Magnus Myrefors writes:
 > What I want to make is a scriptfile that installs an already built
 > binarie with an icon (if it is possible) and a .jpg-file that is
 > fetched by the program when it starts. A tar-file seems to be the
 > right choice.

I wonder why you think so, normal packages for the distributions you
intend to support seem to be a obvious choice to me ;)

Please note that even if you just provide a .deb or a .rpm package,
users of "other" distributions can often manage to install it anyway
using some tool to install "foreign" packages.

 > I wonder though, if my executable is built with the newest version
 > of GTK+-2.0, does it work on a linux-system with an older version
 > of GTK+2.0 installed ?

Nope. GTK+ provides only backward compatibility, not forward
compatibility. (See Wikipedia for a description of these terms.) You
should build your software against the oldest versions of libraries
that you expect people will want to run the executables against.

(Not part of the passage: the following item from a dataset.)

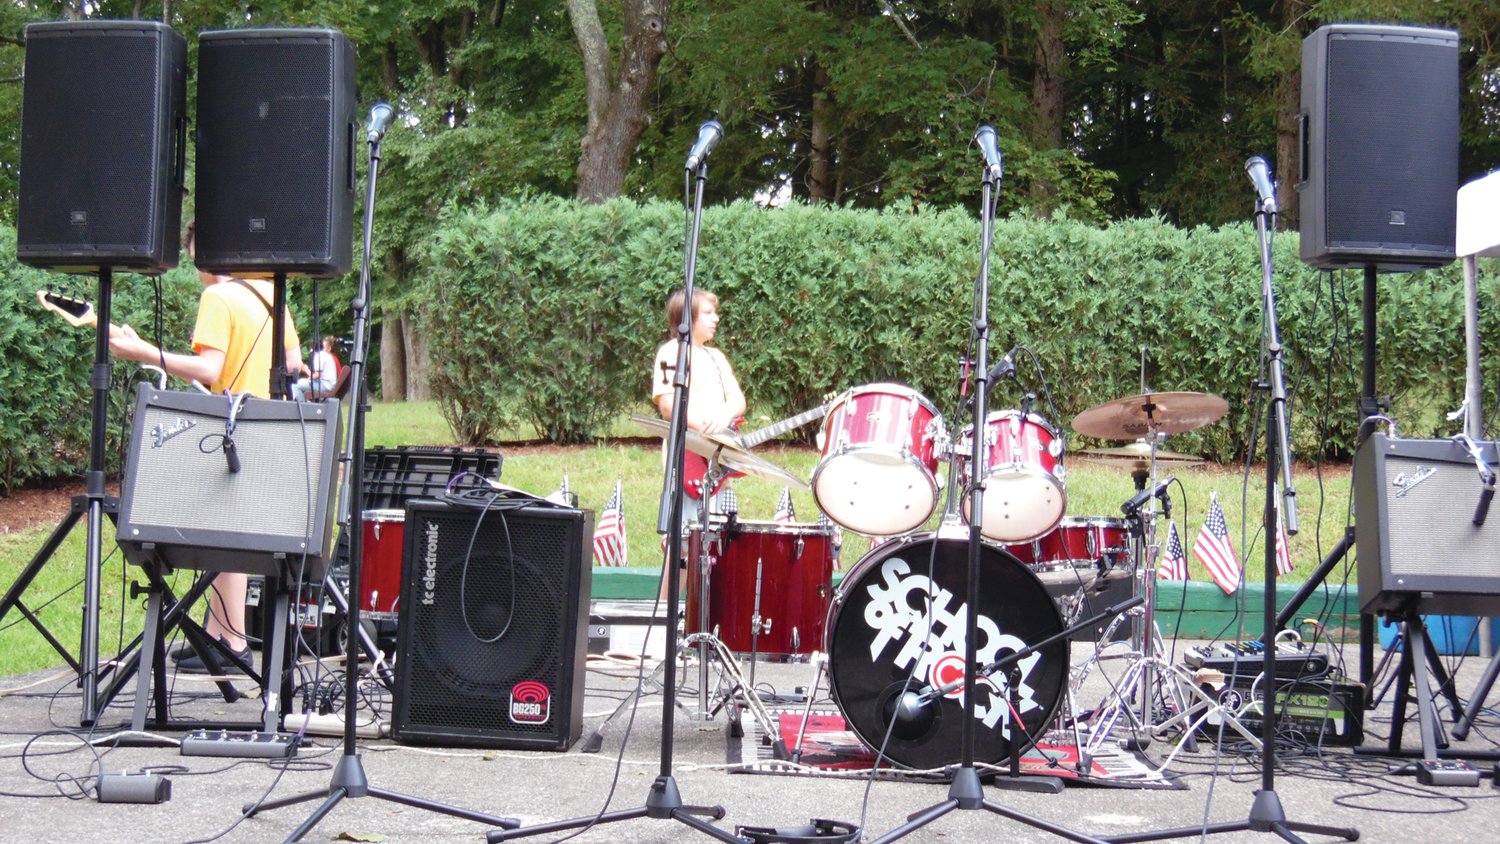 ROCKING THE FESTIVAL: Students from School of Rock will perform on-stage at 2 p.m. Saturday, Sept. 11.

This
applies not only to GTK+ and its immediate dependencies Pango, cairo,
atk and GLib, but also to glibc as far as I know.

If you provide your software as proper RPM or deb packages, you should
make sure the packages are built to include the version dependencies.

 > I have seen when I have installed other software that the
 > configuration-script checks which version of a certain file that is
 > installed, but I think that was when I built from source-files.

Yes, you are thinking of checks done at build time here.